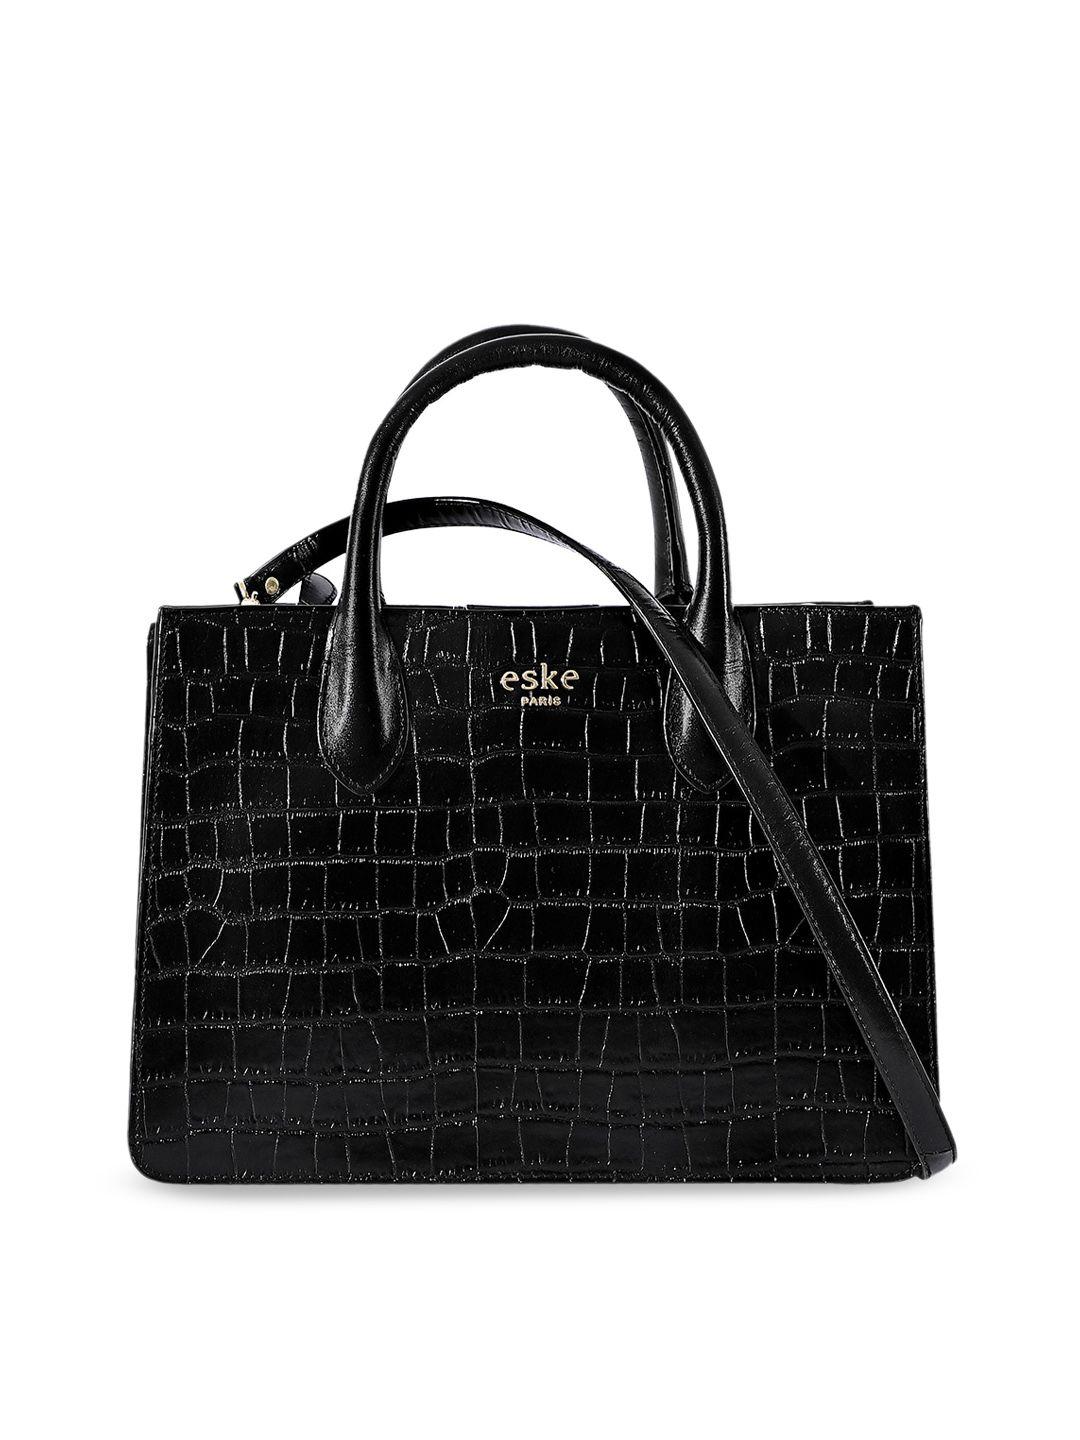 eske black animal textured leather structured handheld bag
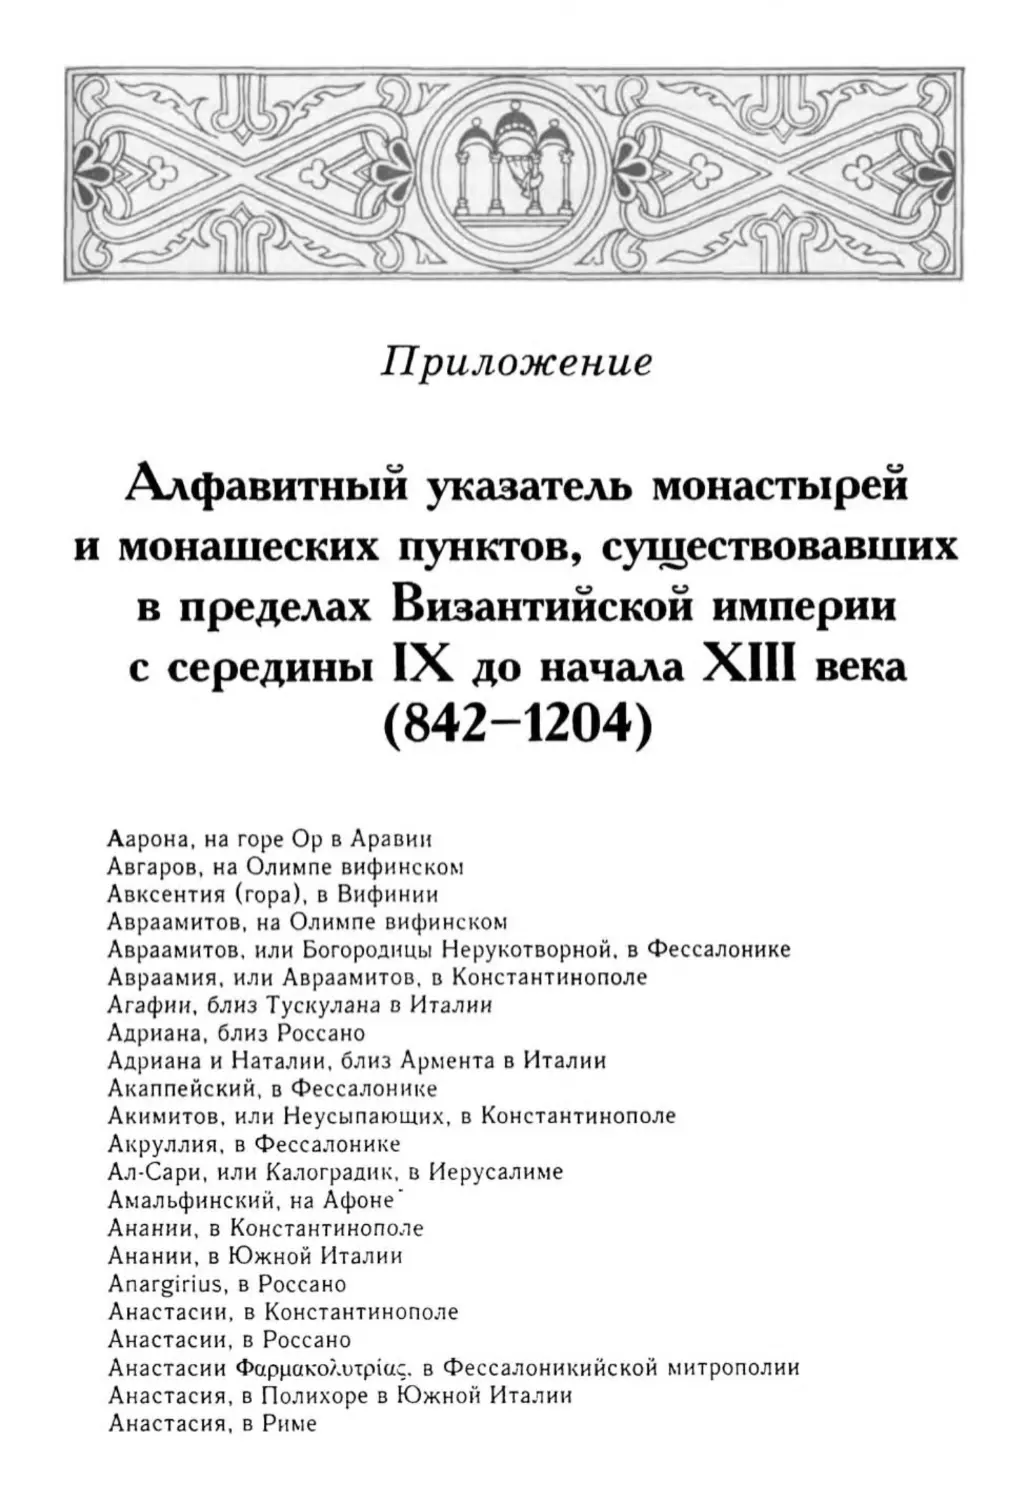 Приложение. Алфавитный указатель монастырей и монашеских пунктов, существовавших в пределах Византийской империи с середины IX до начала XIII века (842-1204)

##############################

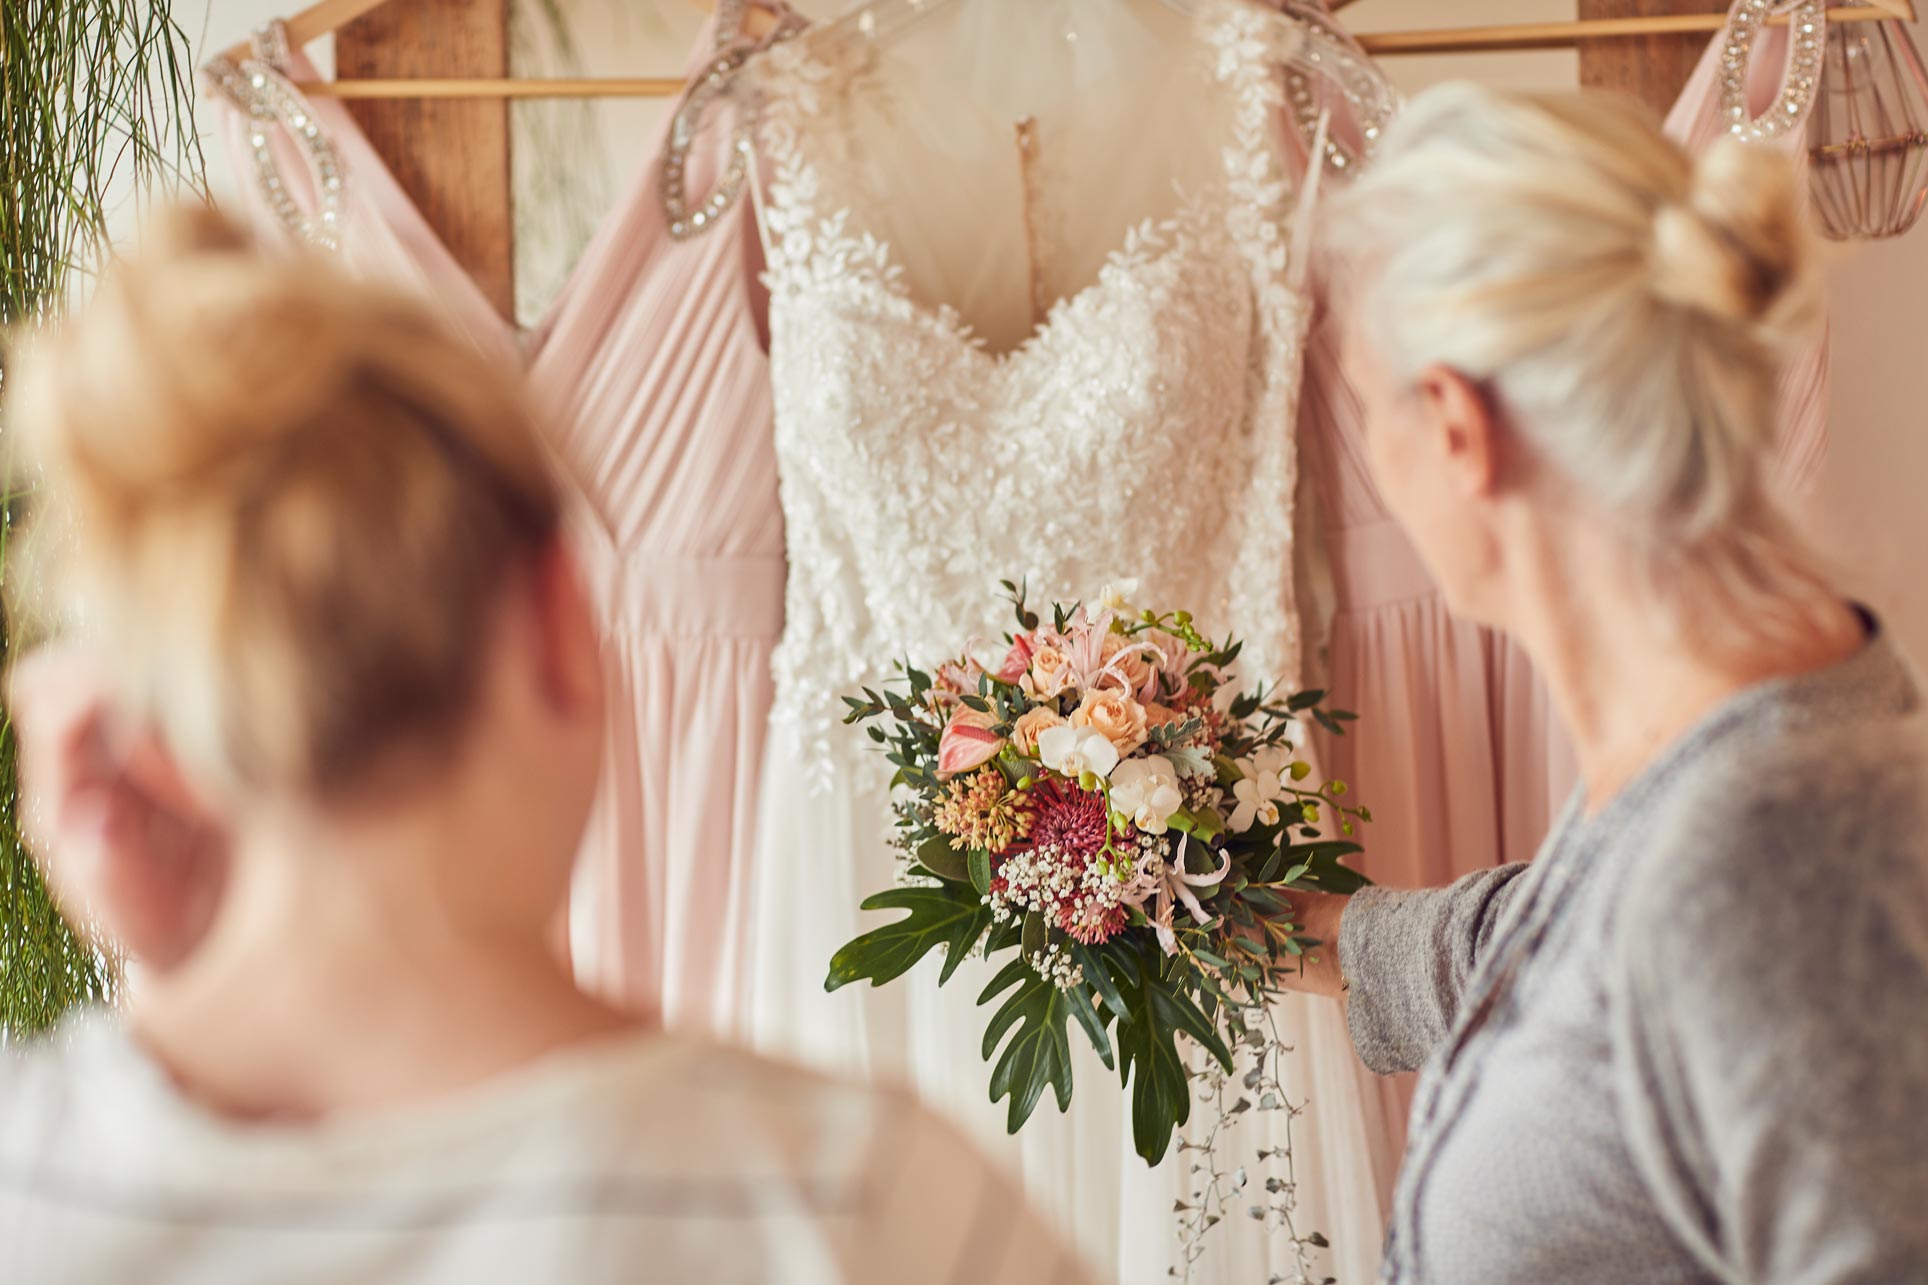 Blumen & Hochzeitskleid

##############################

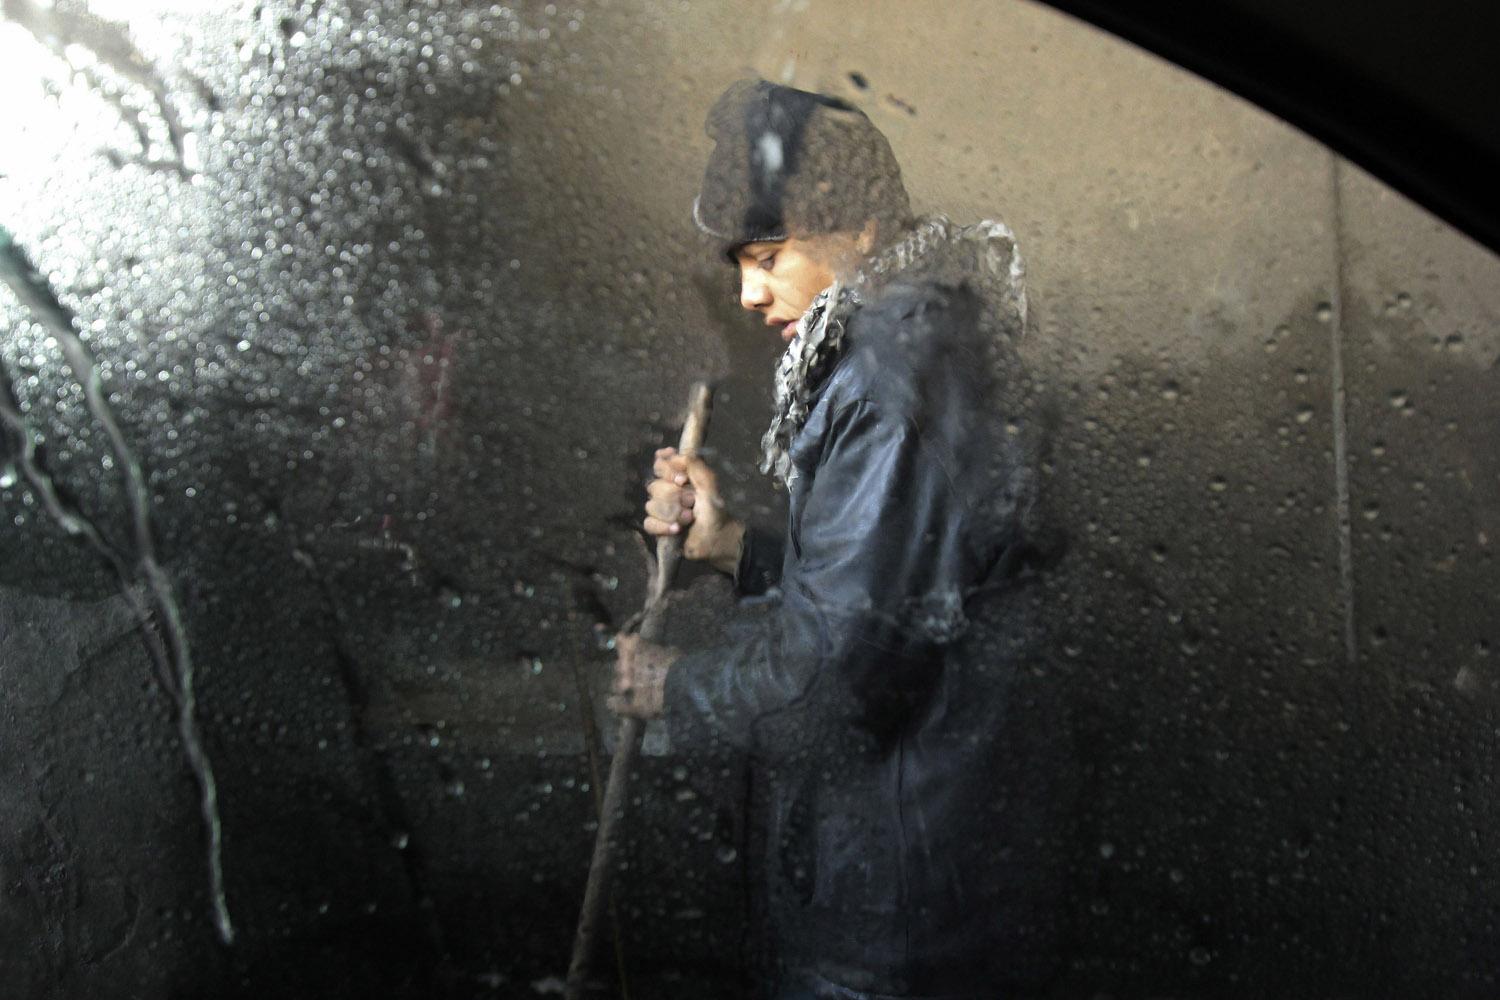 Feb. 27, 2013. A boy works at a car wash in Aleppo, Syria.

##############################

▸ **Exercise goal**
From the material above, reproduce only what runs from the line holding "eske black animal" down to the line holding "Приложение. Алфавитный указатель", both included, pictures excluded.

▸ **Your solution**
 eske black animal textured leather structured handheld bag
 Приложение. Алфавитный указатель монастырей и монашеских пунктов, существовавших в пределах Византийской империи с середины IX до начала XIII века (842-1204)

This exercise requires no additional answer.